Dear Awards Committee,

In the summer of 2015, I had the opportunity to intern in Erin Workmans ENC 2135
class for four weeks. As part of the internship, I observed her course four times a week for the
four-week span, and also helped provide comments on drafts, run conferences, and facilitate
class discussion. I am a first-year PhD Student in the Rhetoric and Composition department and,
having never taught before, utilized Erin as a source of advice and support as I learned about
teaching of ENC 2135. Throughout my observations and conversations with Erin, I have always
been impressed by the pedagogical forethought and theoretical foundation in her teaching.
As an instructor, Erin is deliberate and thoughtful with each and every assignment large
or small that she assigns her students. From the platforms that students utilize to compose in
class and at home, to the discussion questions, to the in-class writing activities, each act is
purposeful and well thought out. Erin holds her students to a high level of excellence in the
classroom, but she also provides ample support through previous student examples and
individualized feedback for both student journals and assignment drafts. Erin includes
challenging texts and provides ample support to help students as they grapple with challenging
concepts through intentional journal assignments, visual mapping exercises, nuanced group
assignments and purposeful in class writing assignments. Erin integrates technology into her
classroom, teaching her students the skills necessary to compose in the 21st century. Erins
assignments are both challenging and purposeful, and she supports them thoroughly through
these projects.
Erin utilizes Teaching for Transfer curricula in her teaching, which adds another level of
intentionality to her pedagogy. Erins goal as an instructor is to teach specific content guided by
key terms, facilitate reflection, and help students articulate their own theory of writing that they
will take with them as they encounter new writing situations in the future. The students in Erins
course spend the first time developing an understanding of a key term through several course and
outside texts collaboratively, teaching them how to synthesize material, define challenging terms,
and work together to compose a cohesive text. For the second assignment, Erins students write a
research paper that explores the various ways writing is used in their intended major, for which
students conduct primary research both observing and interviewing professionals in their field of
choice.

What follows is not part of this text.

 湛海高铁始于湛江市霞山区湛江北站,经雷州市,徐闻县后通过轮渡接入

Lastly, students remediate their researched paper and develop new genres that explain the
various ways writing is utilized in their intended major. The final reflection of the course is
composed in a genre of the students course and asks students to consider how their
understanding of writing through their integration of key terms comes together into an
individualized and cohesive theory of writing. Erins pedagogy emphasizes the writing process
and revision, as evidence by her choice to use ePortfolios as an assessment tool.

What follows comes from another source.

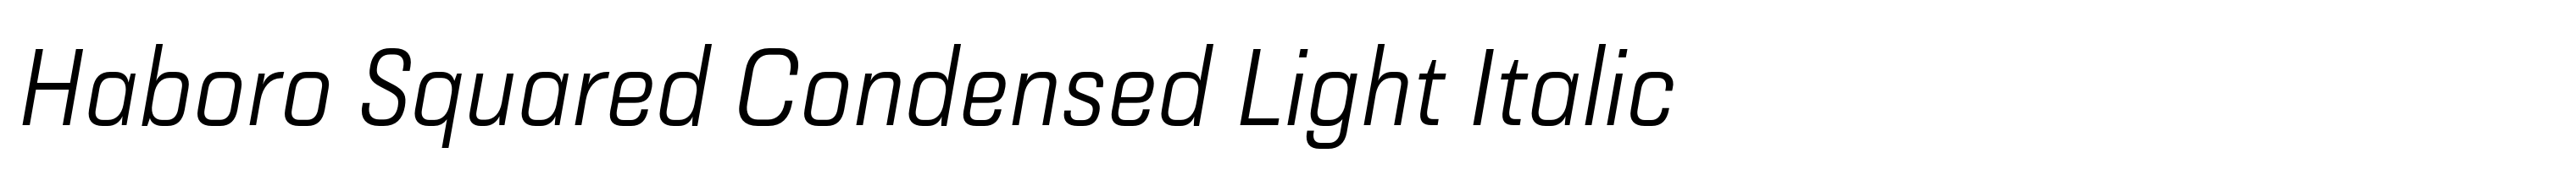 Haboro Squared Condensed Light Italic

Erin is both a purposeful and intelligent instructor who is passionate about equipping
students with the skills to be successful participants in academic and professional environments
through their acquired composing knowledge. I have learned a great deal from Erins teaching,
and am consistently impressed with the level of intentionality and engaging assignments Erin
brings to her classroom. Erin is an exemplary example of an instructor who upholds the
principles and values of the Florida State University College Composition Program.